High-performance computing (HPC) is an IT infrastructure strategy that combines groups of computing systems to perform simultaneous, complex calculations across trillions of data points. A single computing system is limited in its processing capacity by its hardware and is less useful in running simulations for fields like climate modeling, drug discovery, genomic research, and more. HPC technologies can use multiple computing systems in parallel to increase processing speed exponentially.
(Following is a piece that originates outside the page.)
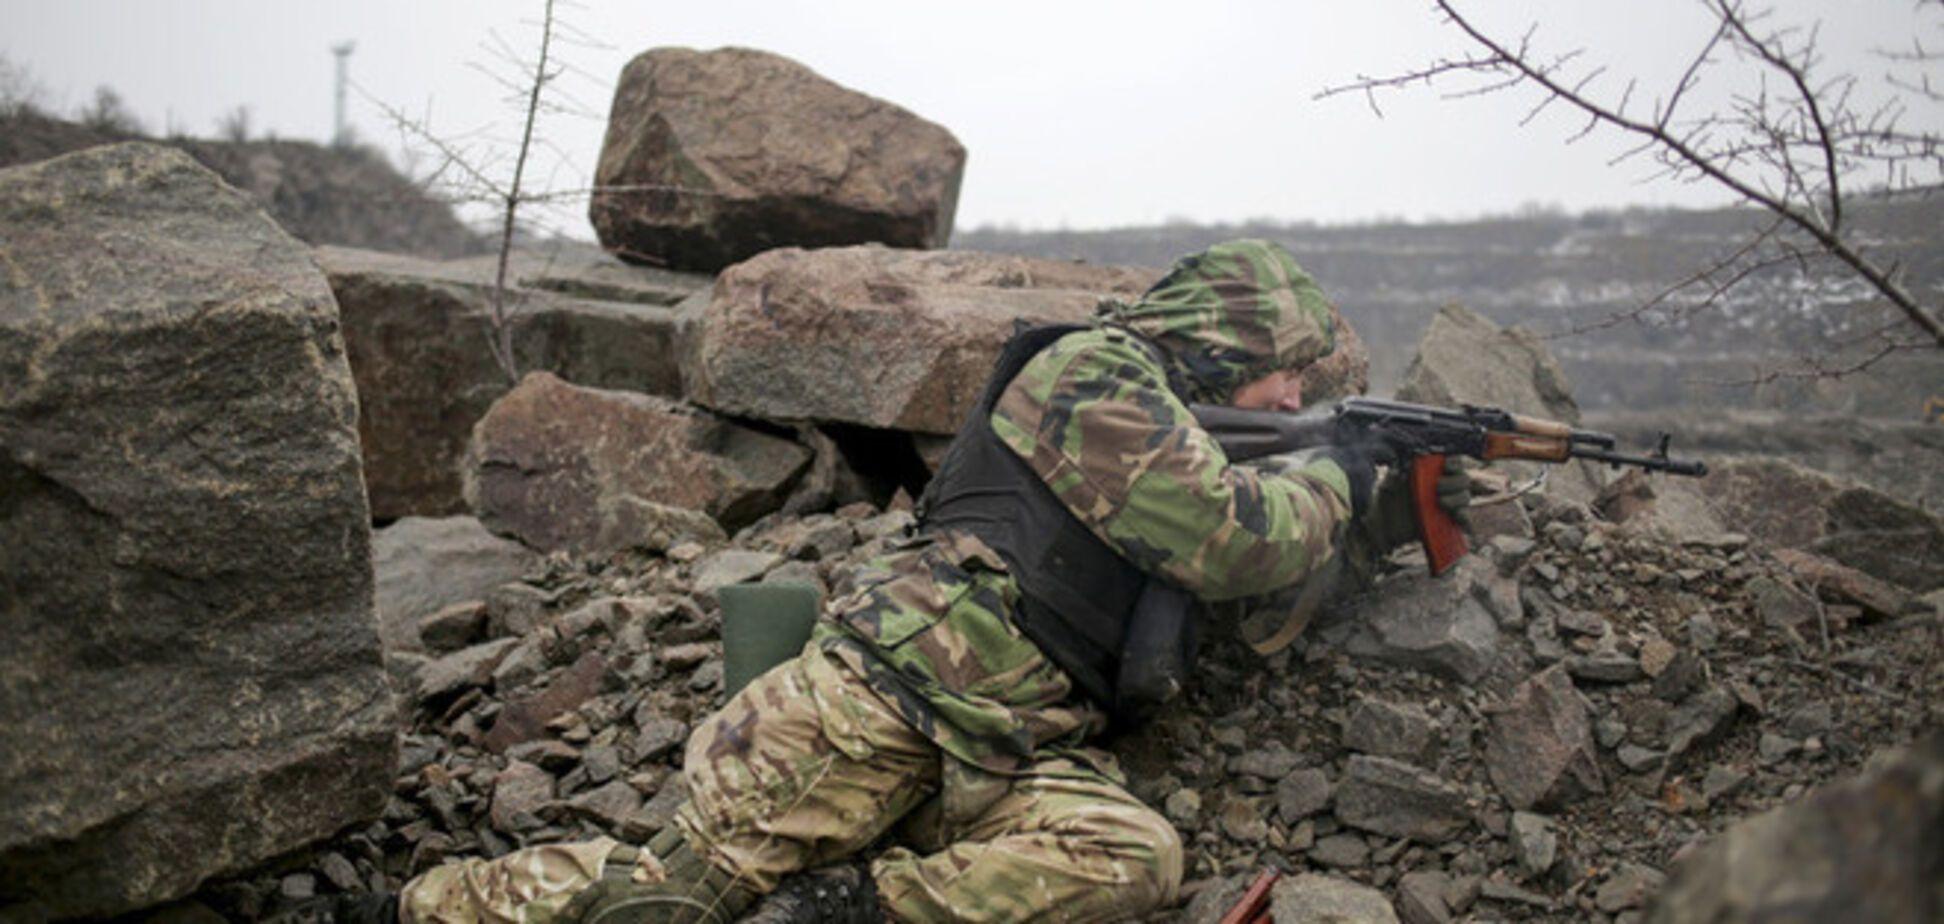 Ветеран спецназа назвал два варианта прекращения войны на Донбассе

HPC use of specialized hardware and software to run complex and data-intensive tasks at high speed and efficiency.
In recent years, HPC technologies have evolved from running scientific simulations to running AI models and workloads at scale.

What Is HPC Used For?

High-Performance Computing (HPC) is like a supercharged engine for solving big problems fast. It’s used in many fields where regular computers just aren’t powerful enough. Here are some real-world examples:

Media & Entertainment

HPC helps studios render complex 3D animations, process high-quality video, and stream live events smoothly. It speeds up production and reduces costs—think faster movie editing and better CGI effects.

Healthcare & Genomics

Doctors and researchers use HPC to analyze DNA, predict how proteins fold, and discover new medicines. Hospitals also use it with AI to read medical scans, personalize treatments, and manage patient records more efficiently.

Government & Defense

Governments rely on HPC for national security tasks like decoding encrypted messages, analyzing surveillance data, and running military simulations. It ensures they have the computing muscle to respond quickly and accurately.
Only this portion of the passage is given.